WHAT YOU SHOULD DO ▸ Print the whole listing below exactly, skipping every picture.

SUPPLIED MATERIAL ▸
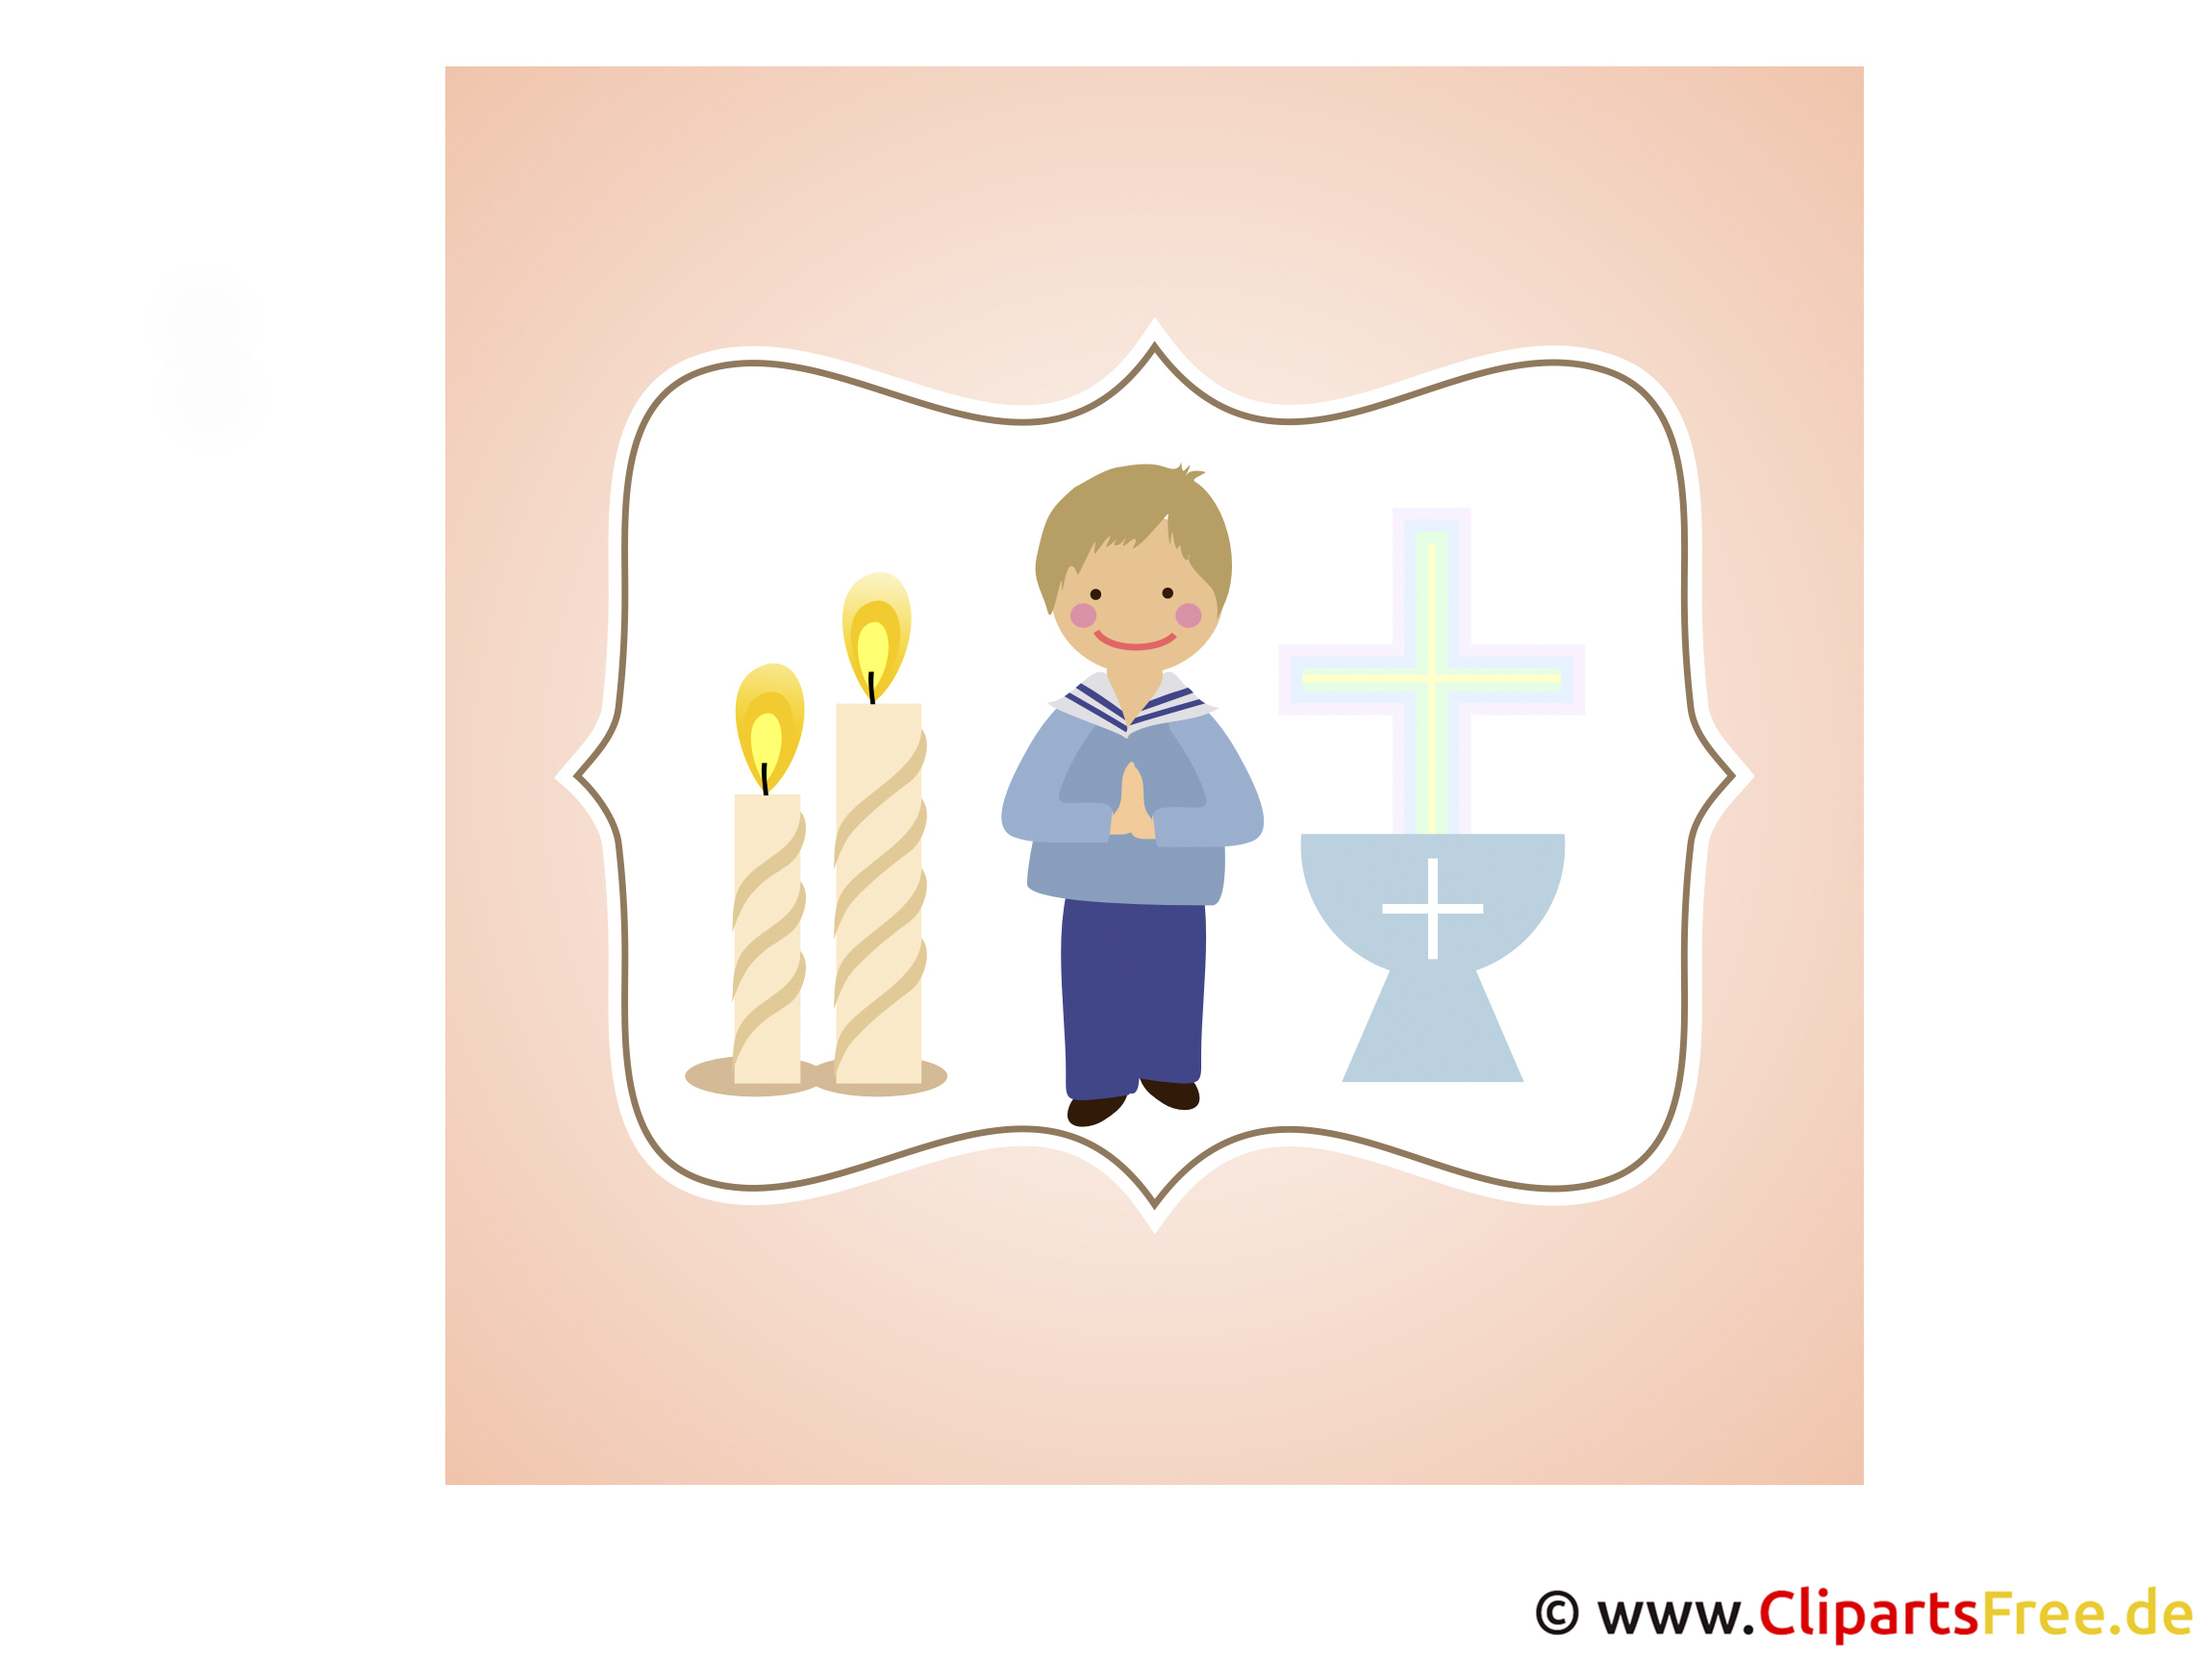 Images Confirmation, free images collection, illustration, free clipart, cl...
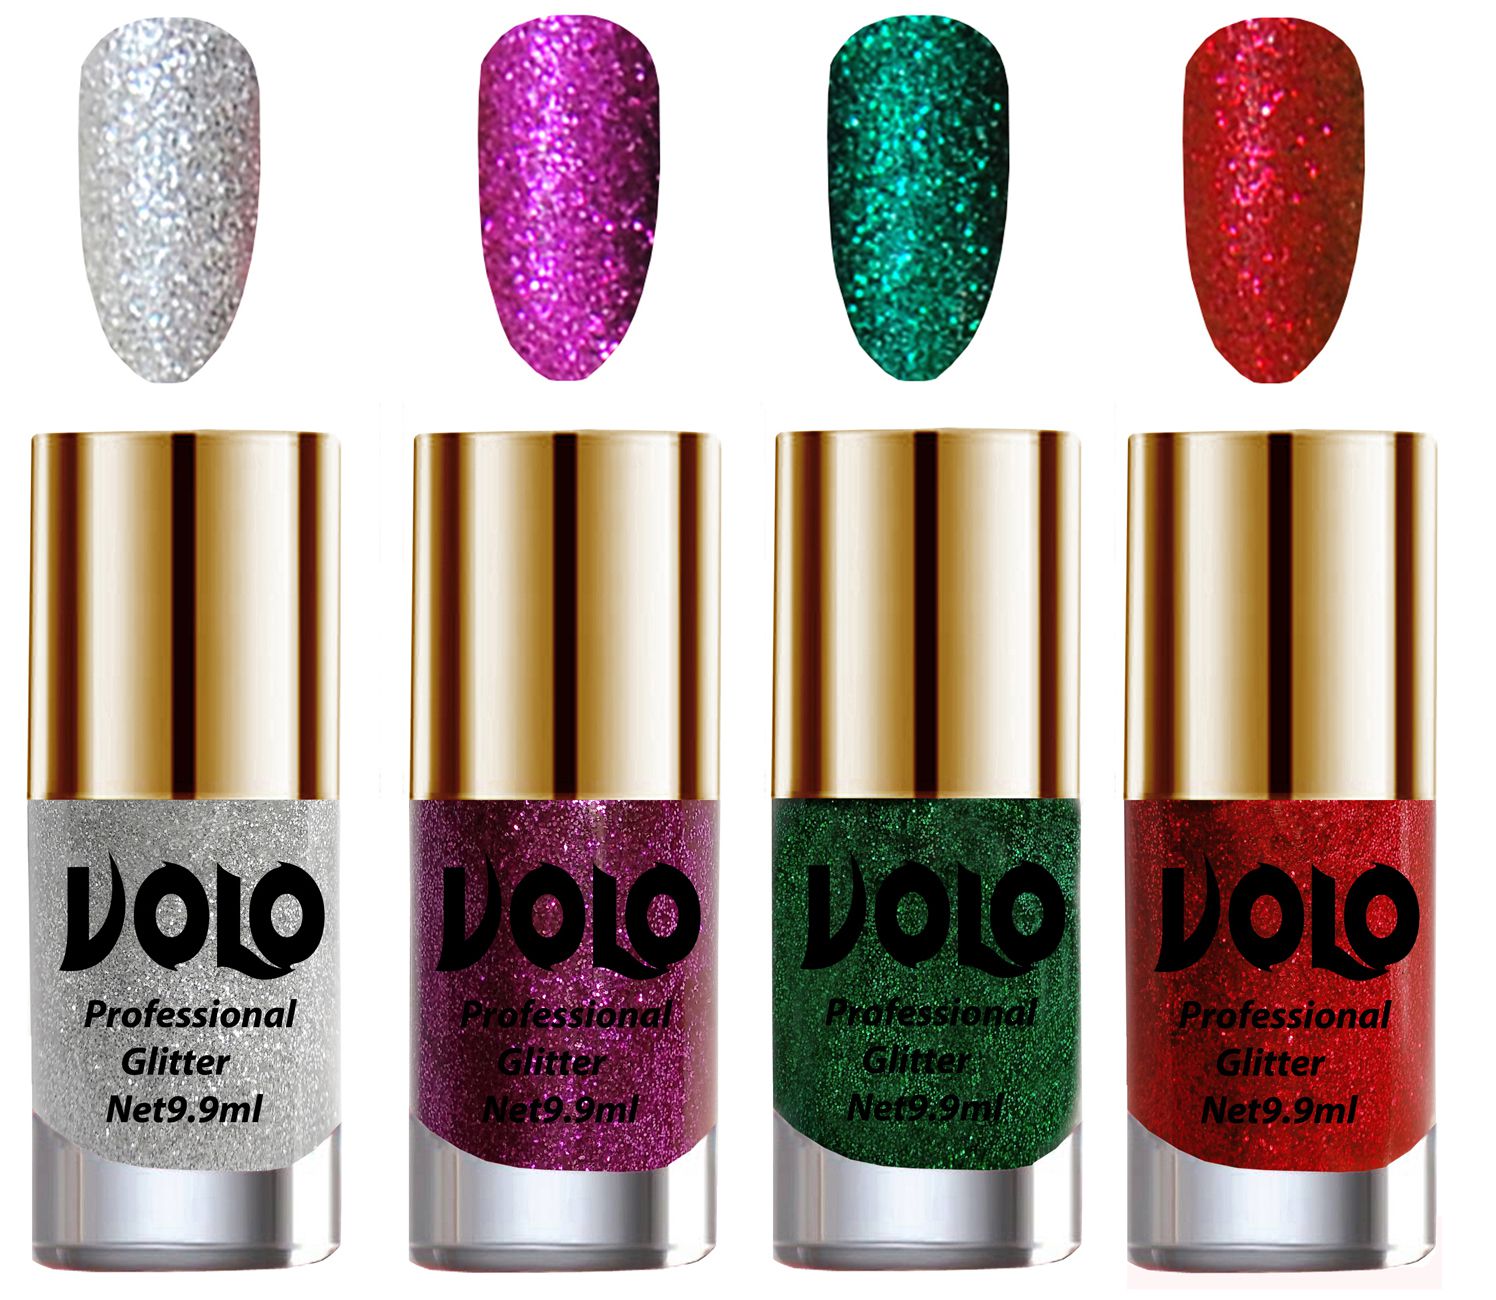     			VOLO Professionally Used Glitter Shine Nail Polish Silver,Purple,Green Red Pack of 4 39 mL
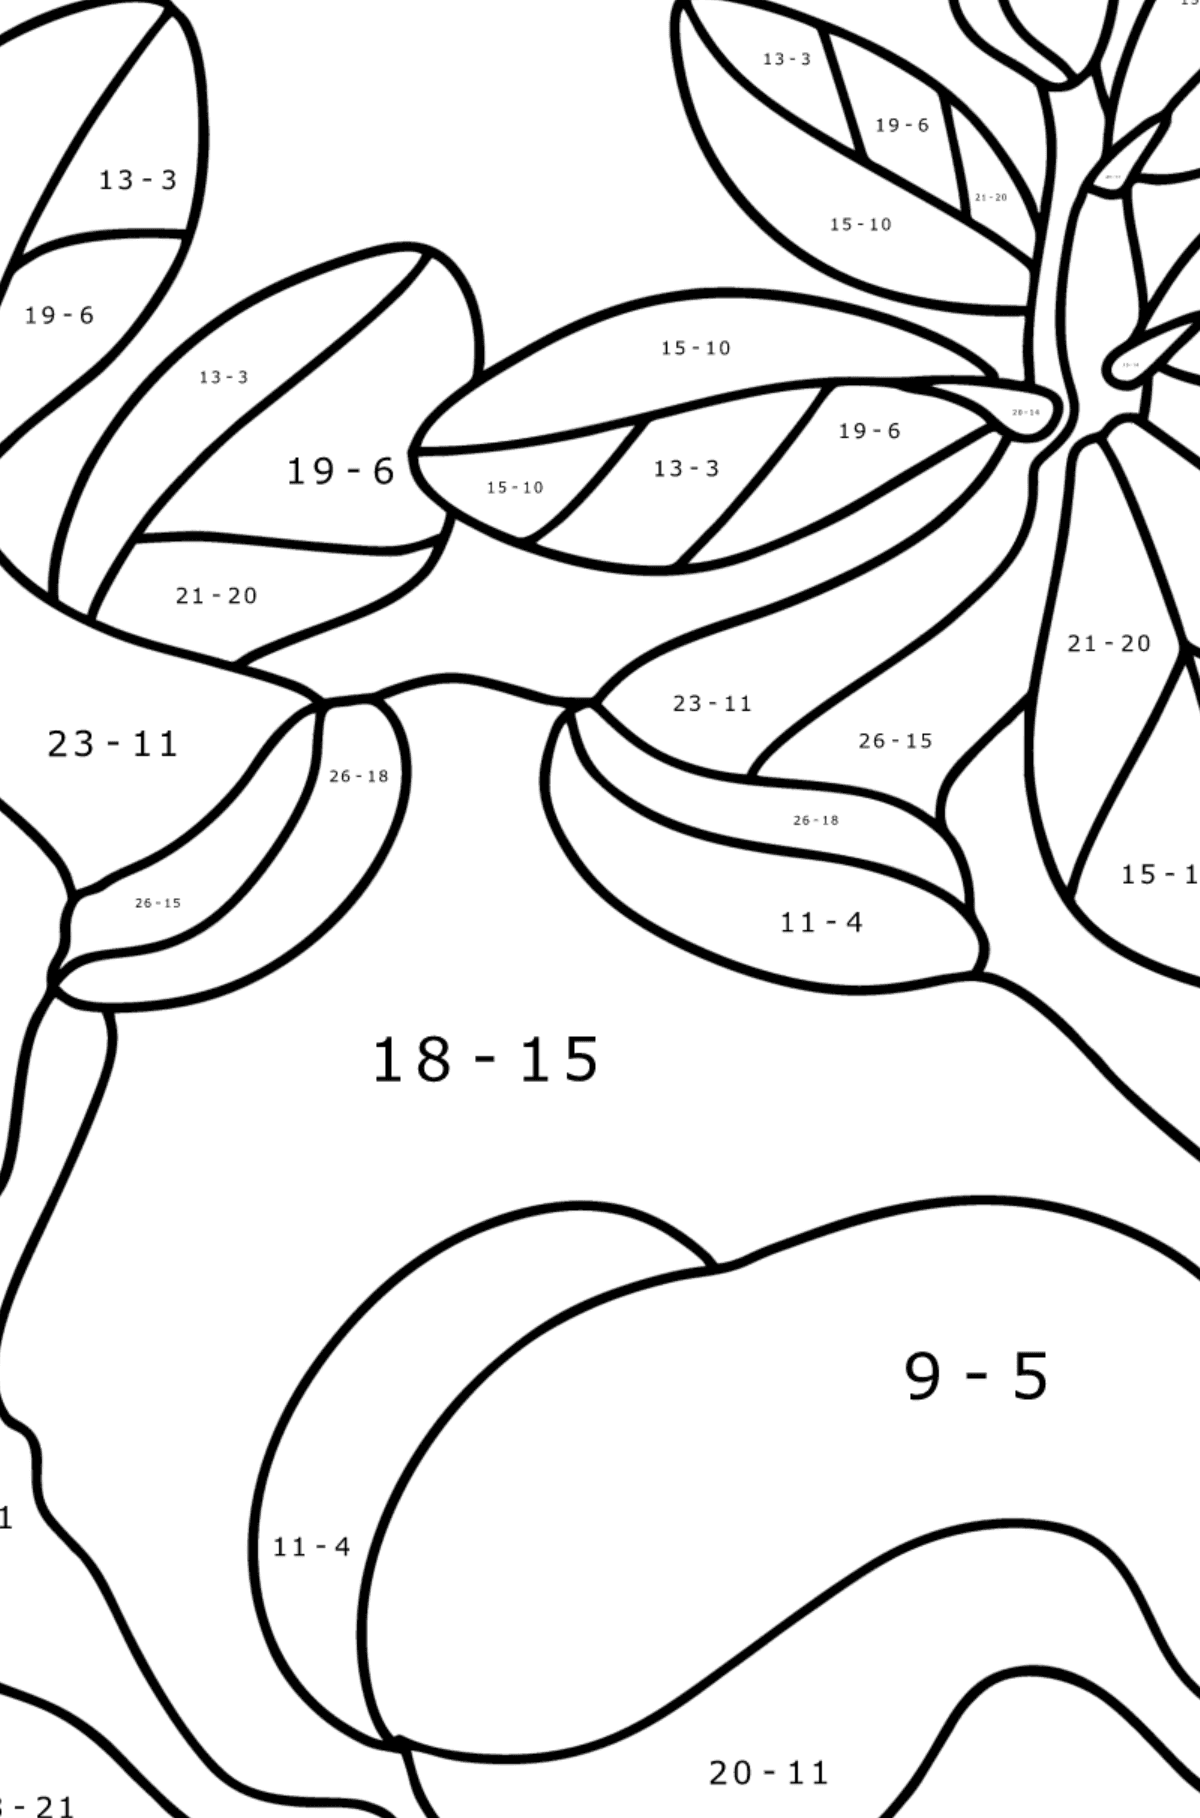 Adenium coloring page - Math Coloring - Subtraction for Kids

ANSWER TO THE EXERCISE ▸
 Images Confirmation, free images collection, illustration, free clipart, cl...
     			VOLO Professionally Used Glitter Shine Nail Polish Silver,Purple,Green Red Pack of 4 39 mL
 Adenium coloring page - Math Coloring - Subtraction for Kids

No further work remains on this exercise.